The DMD module generated sinusoidal patterns with three distinct phases (0, 2π/3, and 4π/3) and 22 spatial frequencies ranging from 0 to 3.1764 cm−1. These patterns were projected onto the tumor surface, and the reflected light was captured by the cameras. The cameras were aligned to focus on the same field of view as the projector, covering an area of 22 × 22 mm2. A rigid light shield with an imaging window was used to block ambient light and maintain a consistent distance from the target tissue. For imaging, the system incorporated two cameras positioned on either side of a 685 nm dichroic mirror (67-085; Edmund Optics, Barrington, NJ, USA). This design ensured the precise imaging of the illuminated area. Fluorescence and reflectance imaging were performed simultaneously. The first sCMOS camera (Zyla Andor, Belfast, Ireland) captured reflectance images at 590, 630, and 660 nm, while a highly sensitive Electron-Multiplying Charge-Coupled Device (EMCCD) camera (Luca; Andor, Belfast, Ireland) acquired reflectance images at 660 nm and 740 nm and fluorescence data at 740 nm. Splitting the light at the 685 nm dichroic mirror allows for the analysis of the projected excitation light by the sCMOS and the fluorescent signal by the more sensitive EMCCD camera.
The cameras operated with an acquisition time of 100 ms per image, resulting in a total acquisition time of 27 s (calculated as 100 ms × 3 phases × 22 frequencies × 4 wavelengths). The system was fully automated using a custom LabView (version 2023 Q3, National Instruments, Austin, TX, USA) software, which included subprograms to manage all the system components. The software enabled the automatic adjustments of LED intensities and exposure times for individual subjects. To minimize specular reflections during reflectance imaging, cross-polarizers were placed in front of the projector and cameras. The LED light source intensity was maintained at <1 mW/cm2 to ensure safety.
The optical absorption and scattering properties were quantified by fitting a modified frequency-dependent Monte Carlo model to the measured reflectance data across multiple spatial frequencies.
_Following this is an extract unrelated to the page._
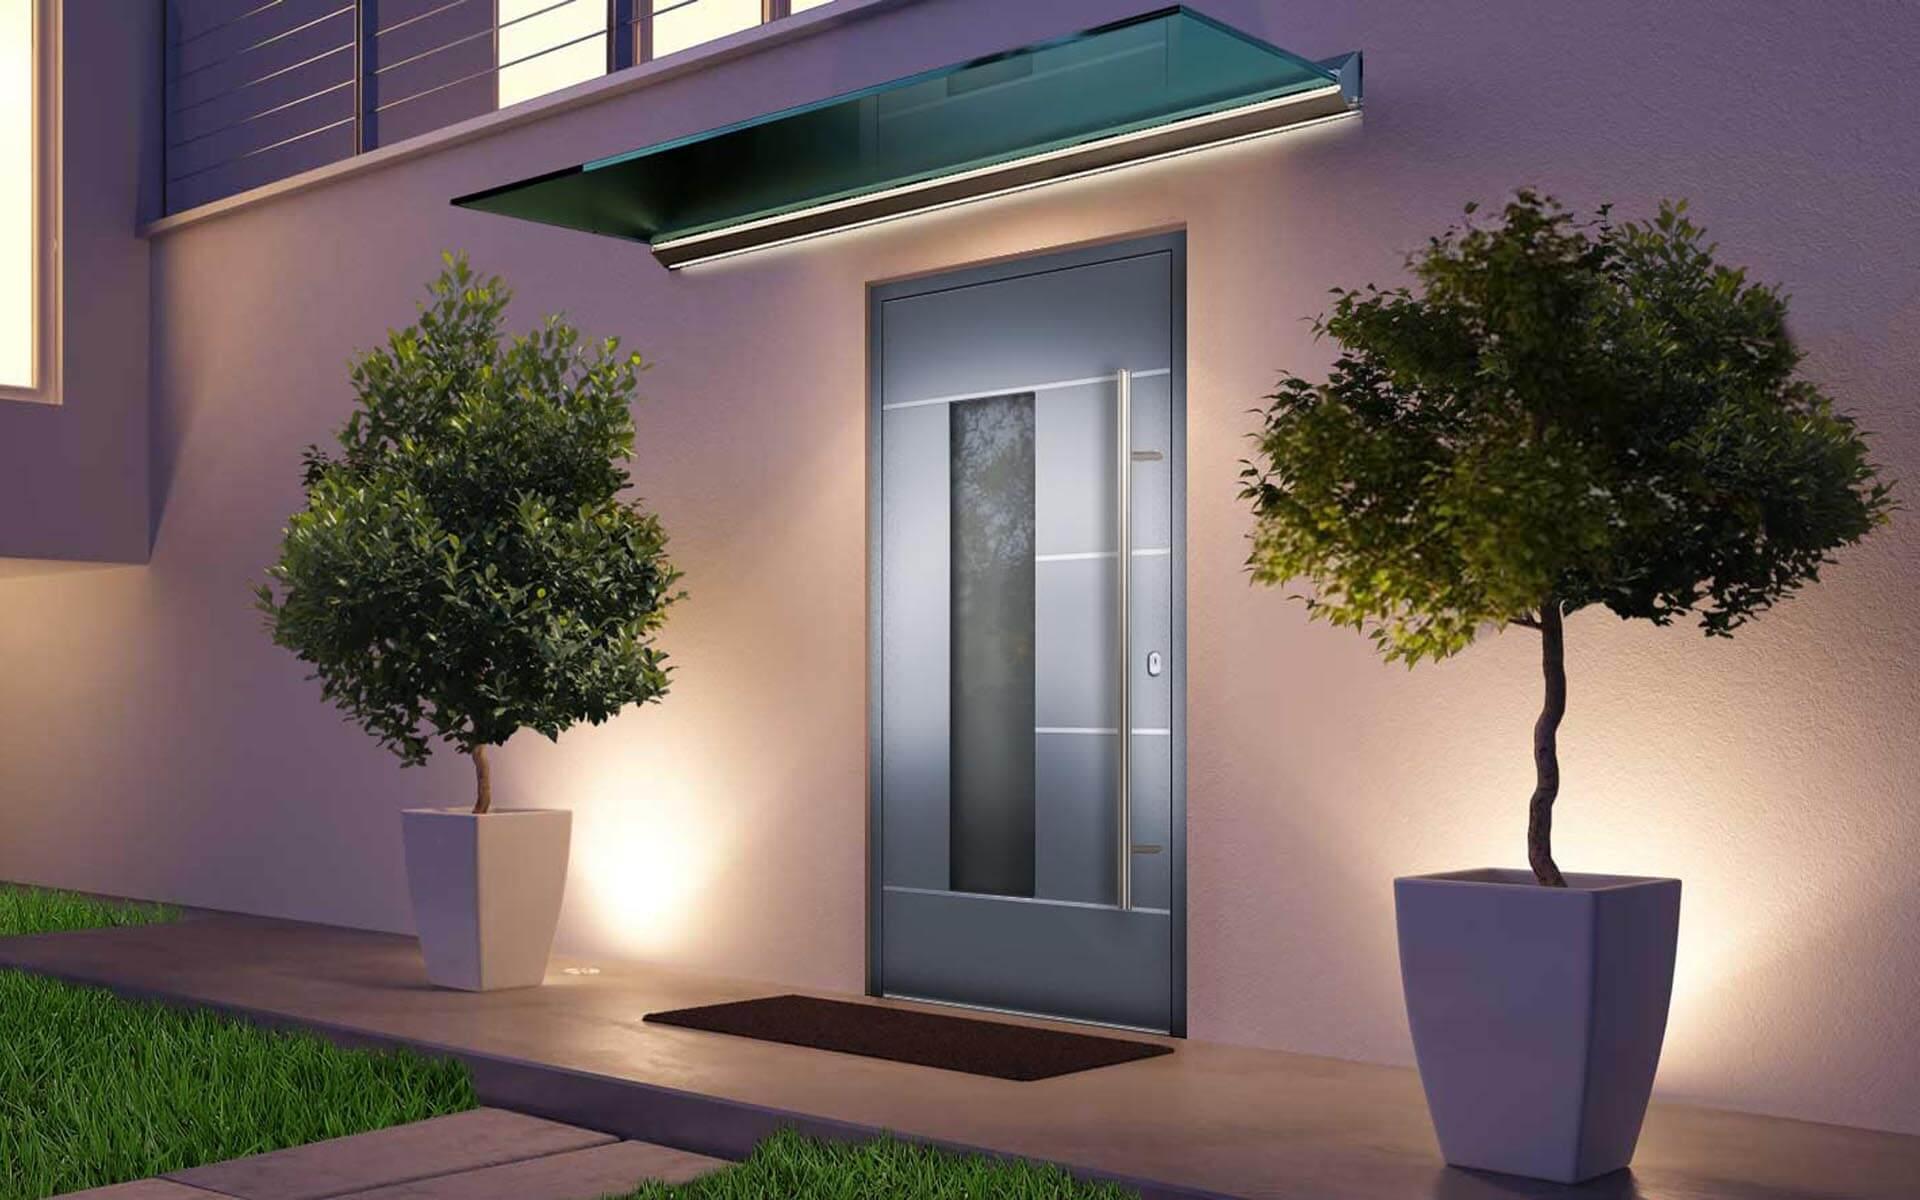 Sklenená strieška s LED osvetlením nad hliníkovými vchodovými dverami AVI-792 vo farbe biely hliník

This process utilized a reference phantom with known optical properties, as previously described [47]. All 22 spatial frequencies, ranging from 0 to 3.18 cm−1, were included in the analysis. For each spatial frequency and wavelength, the three phase-shifted reflectance images were demodulated to isolate the spatially modulated component of the diffuse reflectance. The demodulated reflectance, which varies as a function of spatial modulation frequency, exhibits differing sensitivities to absorption and scattering parameters depending on the frequency. This allows SFDI to independently and accurately quantify both absorption and scattering. Using this approach, pixel-by-pixel fitting was performed to generate spatial maps of absorption and scattering properties.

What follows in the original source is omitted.